What is the legacy of polio eradication?

"I think that maybe the single most important legacy of polio eradication is the end of acceptance of the continued incidence of vaccine preventable diseases in poor countries."

Dr. Olen Kew
Chief of the Molecular Virology Section of the Division of Viral Diseases
Centers for Disease Control and Prevention

"When we look at the legacy of polio eradication, I think we have to try to ensure that we do more than eradicate this disease. We have to ensure we reach every child, every community, and eradicate the disease. By doing so, we open a door to bring more things, to bring anti-malarials, to bring bed nets to protect children against malaria, to bring clean water, to bring surveillance for other important diseases. That must be our goal: not only to eradicate the disease, but to help communities help themselves to do a lot more for the children."

Bruce Aylward
Coordinator, Global Polio Eradication Initiative
World Health Organization

"An immediate legacy of polio eradication will be a reinforcement of the commitment to eliminate and eradicate measles, and I can tell you from my own experience that in the developing world, the people are waiting for us."

Dr. Olen Kew
Chief of the Molecular Virology Section of the Division of Viral Diseases
Centers for Disease Control and Prevention

"I think the legacy of polio -- and what it has contributed in the broader strengthening of health systems -- is very, very complex, and can be measured in many, many different ways. One small thing that polio eradication has done has been to include vitamin A in many of the polio immunization days. Just that simple thing of adding vitamin A drops has prevented, we estimate, over a million childhood deaths in the last few years alone. So in many, many ways, whether in terms of investments in the broader health systems or actual outcomes, we believe that the polio eradication initiative has had a real impact. In the closing years of the polio eradication program, we have to make sure now that the infrastructure we’ve established -- the institutional arrangements, the human infrastructure, the physical infrastructure -- that we build on all of that and we structure it in a way that it can continue to contribute to many other areas of immunization, of surveillance and broader health work."

Bruce Aylward
Coordinator, Global Polio Eradication Initiative
World Health Organization

"USAID has always focused on trying to mitigate conflict, to try to establish systems and provide services that will encourage a transition to peace and a stable government and democracy over time. And we feel that polio eradication contributes greatly to those goals."

Ellyn W. Ogden
Worldwide Polio Eradication Coordinator/Senior Technical Advisor for Health and Child Survival
U.S. Agency for International Development

"The benefits are larger than you might think. The obvious one is the fact that we won’t have to vaccinate for polio anymore. So all the resources that are spent buying polio vaccine, distributing polio vaccine -- all of this can be diverted to something else. But the biggest benefit to society is: people who are crippled from polio, especially in places like Pakistan, they’re not productive, contributing members of society. It takes a lot of money to support them. And this can be fixed, this can be prevented. There's also the savings to medical budgets. It takes a lot of money to take care of polio victims. All of that can be reallocated for other needs."

Dr. Anthony Mounts
World Health Organization


How will eradicating polio help fight other diseases?

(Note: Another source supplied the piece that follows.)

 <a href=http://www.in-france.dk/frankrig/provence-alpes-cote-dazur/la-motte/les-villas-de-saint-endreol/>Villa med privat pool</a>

"[Once polio is eradicated,] it will be a great victory for the global public health network. A real sense of confidence will build a base for the next set of issues, which are malaria, measles and ultimately, of course, the huge challenge of working on AIDS around the world."

Tim Wirth
President
UN Foundation

"We are learning that the efforts to eradicate polio in the poorer parts of the world, particularly in sub-Saharan Africa, are bringing a tremendous benefit for the health infrastructure. So I believe that because of polio eradication, the African countries will be in a much better condition to fight the HIV/AIDS epidemic."

Dr. Ciro de Quadros
Director, Division of Vaccines and Immunizations
Pan American Health Organization

"I think there are a lot of things we’ve learned from this experience that can be applied to HIV. We did the same thing with polio: we built on the experience from smallpox eradication. We used a lot of those lessons to plan polio eradication, and I think we’ll do the same with HIV. We’ve learned a lot about surveillance and community involvement, and I think these lessons can now be used, especially if there’s a vaccine for HIV developed in the near future, to implement some kind of control projects for HIV."

Dr. Anthony Mounts
World Health Organization

"Hopefully there will be a cadre of people who have been brought into the public health system and hopefully there will be a heightened awareness of the importance of public health programs that there will be some transfer of emotion and expertise from the polio program to the ongoing efforts to control HIV/AIDS."

Dr. Ronald Waldman
Medical Epidemiologist, Professor of Clinical Public Health
Columbia University

"The experience with polio and the global program working together is a very positive one that we're going to have to draw on for dealing with SARS, because it's almost certainly going to be a problem we're going to be dealing with for a long time."

Dr. D.A. Henderson
Johns Hopkins University

"The world is tackling a number of things right now, like improved malaria, HIV/AIDS and tuberculosis control. I think polio has a lot to teach about how to maintain the political interest and partner/donor interests on those kind of topics, because I think polio has done a very, very good job."

Robert Steinglass
Immunization Team Leader
BASICS


Have other diseases been eradicated?

"The only effort so far globally that succeeded was smallpox, and now hopefully polio will be the next one. The others failed because the disease, from the outset, was not eradicable."

Dr. Ciro de Quadros
Director, Division of Vaccines and Immunizations
Pan American Health Organization

"There have been in history a number of efforts at eradication. It began with hookworm. It's moved on to yellow fever, to yaws, and malaria. Each of these have failed. When we got to the smallpox eradication program, there were many who said eradication itself was impossible. We did not believe that. We believed we could do it with smallpox. We did succeed."

Dr. DA Henderson
Johns Hopkins University


What is the "cold chain"?

"The cold chain, which is a series of refrigeration and ice packs and other modes of keeping vaccine cold, is very important. From point of manufacturing until that drop gets into the child, we make sure that that vaccine is kept as cold as possible until we can give it and assure that it's in good quality. Manufacturers have agreed to use a little monitor on the vaccine vial. It's called a vaccine vial monitor marker. This little vial changes color with exposure to heat over time, and that lets us know if the vaccine is potent at the point of use."

Ellyn W. Ogden
Worldwide Polio Eradication Coordinator/Senior Technical Advisor for Health and Child Survival
U.S. Agency for International Development

"When we were involved in the smallpox eradication program, we had to create a system for preserving the vaccine. We call it the cold chain system. "

David Newberry
Senior Health Advisor
CARE

"Polio has brought in a lot of cold chain equipment. This is equipment to maintain the integrity of the vaccine."

Robert Steinglass
Immunization Team Leader
BASICS


What are National Immunization Day's (NIDs)?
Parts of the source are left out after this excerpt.